Crimini di guerra.
Un concetto espresso già tantissime volte dalla stampa e dagli osservatori internazionali, oltre che dagli amanti dell’arte e dell’archeologia. Le sistematiche depauperazioni compiute dall’Isis in Iraq e Siria ai danni del patrimonio archeologico dei due Paese sono a tutti gli effetti equiparabili a genocidi o ad altre stragi umanitarie. Crimini di guerra, appunto. Il medesimo concetto è stato ribadito dall’Onu, nella persona del suo segretario, il coreano Ban Ki-moon, all’indomani della distruzione del tempio di Baal Shamin a Palmira. La goccia che farà traboccare finalmente il vaso dell’indignazione, o l’ennesimo anello di una catena di orrori a cui il mondo continua a guardare con masochistica rassegnazione, aspettando un’indecifrabile nemesi sotto forma di escalation militare occidentale o di conflagrazione interna al mondo islamico?

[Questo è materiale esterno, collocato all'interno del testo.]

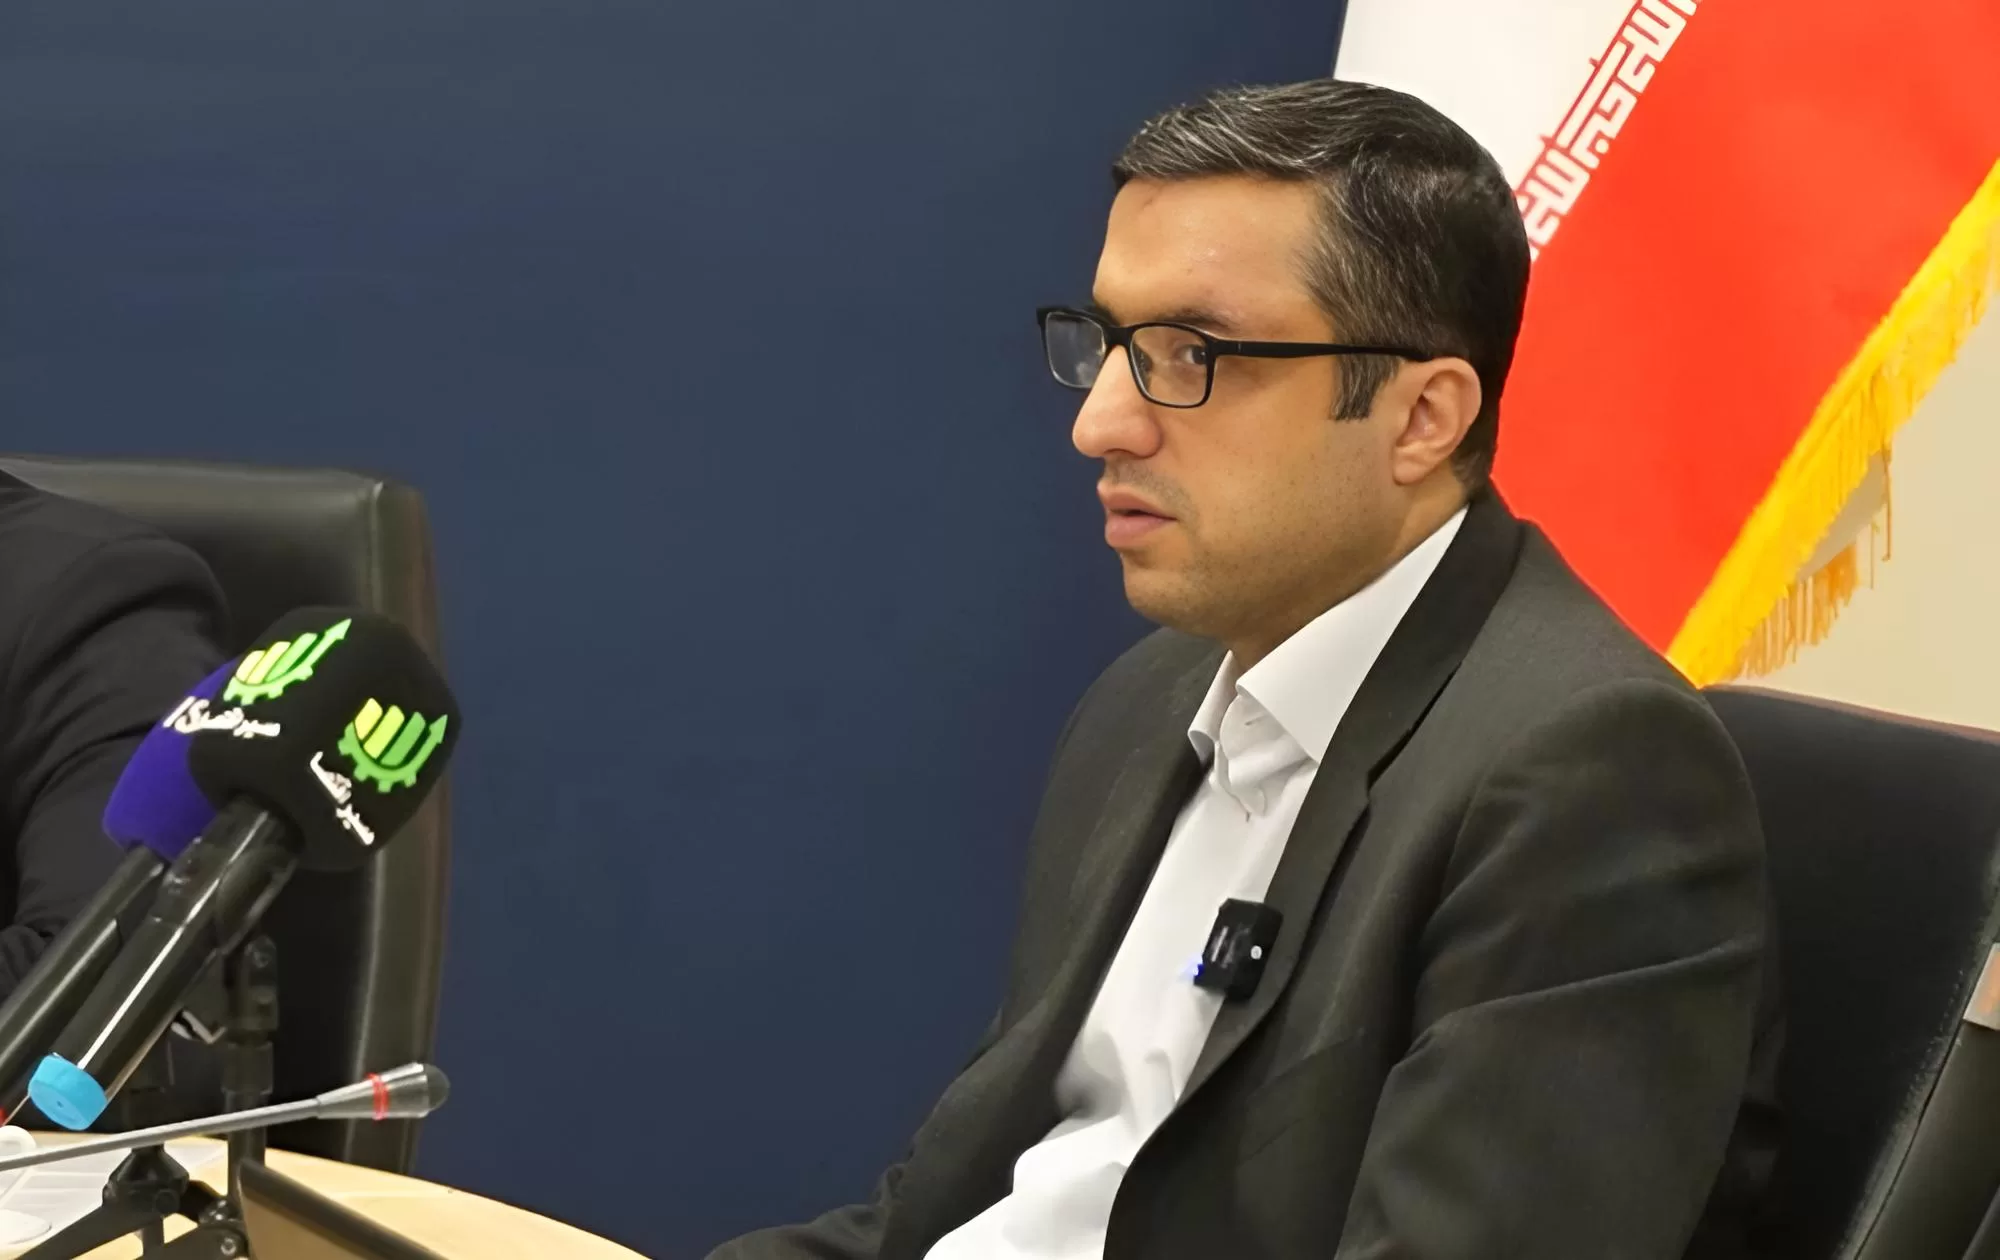 حسین درودیان - نشست خبری بسته سیاستی مسیر دولت چهاردهم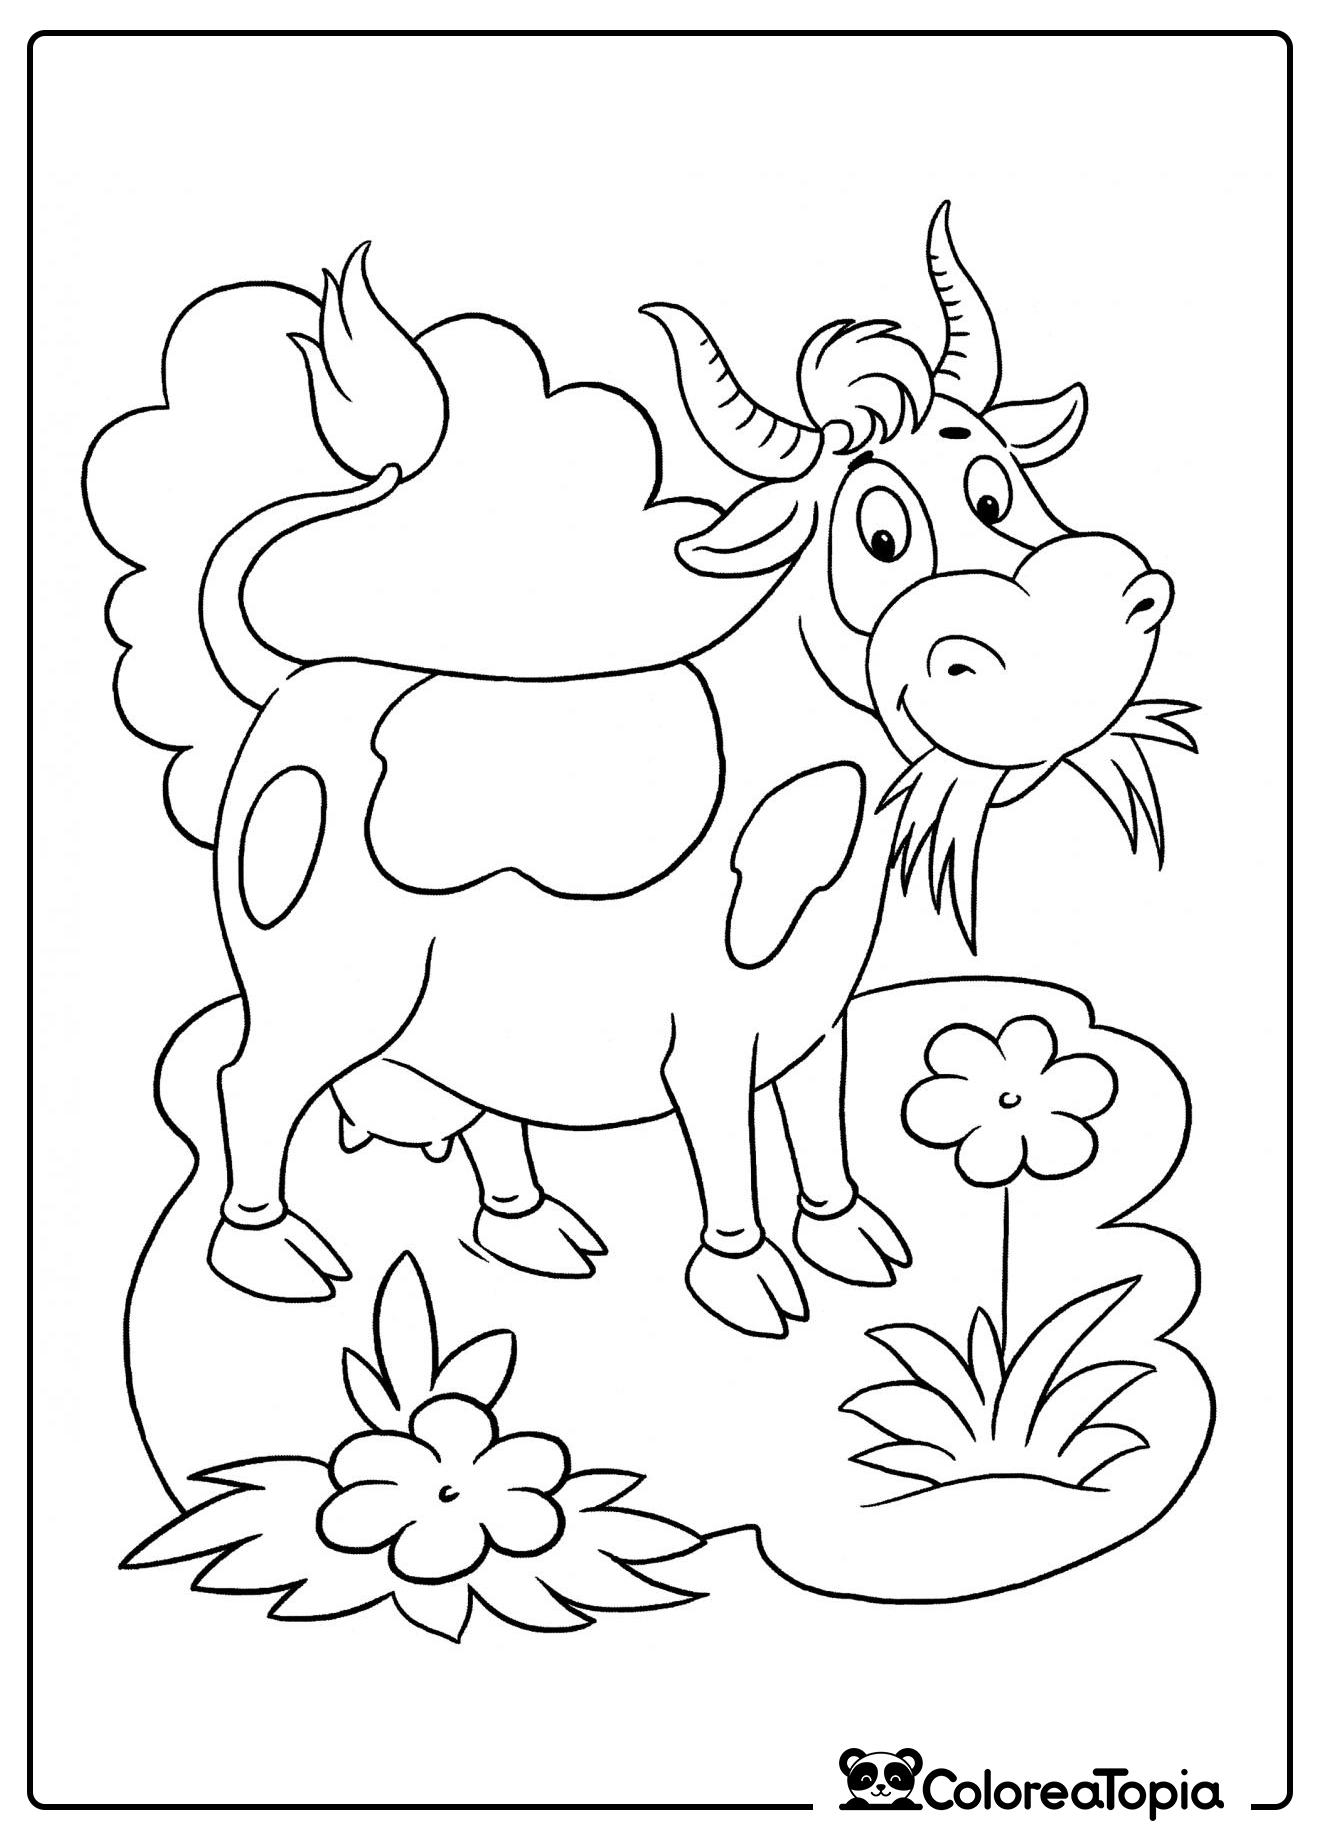 La vaca pasta en el prado - dibujo para colorear

“I responsabili dovranno rispondere alla giustizia”, dice il Palazzo di Vetro. Per il momento ciò che è tangibile è ciò che non è più materialmente tangibile, cioè quello che si è perso, l’ennesimo tesoro architettonico raso al suolo: un luogo di culto, sacro ad una divinità equiparabile al Mercurio greco-romano, per effetto di quel fenomeno noto come “sincretismo”, e risalente al I secolo d.C. Un baluardo del paganesimo, in un mondo mediterraneo dove già avanzava implacabile la cultura cristiana, mentre i primi vagiti dell’Islam erano ancora di là da venire.
Perché, in fondo, se si vuole è questa la colpa del tempio di Baal Shamin come degli altri monumenti e reperti vittime della mannaia del Califfato: quella di rappresentare momenti di eccellenza della civiltà umana assolutamente estranei all’Islam (quantomeno alla sua versione più intollerante e fanatica), che possono minacciarne il primato culturale.
Ma in realtà lo Stato islamico non ha solo un conto aperto con l’archeologia mediorientale: ce l’ha anche con i suoi paladini. La notizia della distruzione dell’aedes palmirena, a pochi passi dal Teatro romano, trasformato dall’Isis in luogo di martirio, arriva infatti quando ancora non si è placata l’ondata di sdegno per la brutale uccisione dello studioso Khaled al Assad, la massima autorità archeologica per ciò che concerne il sito di Palmira, di cui in passato era stato anche direttore.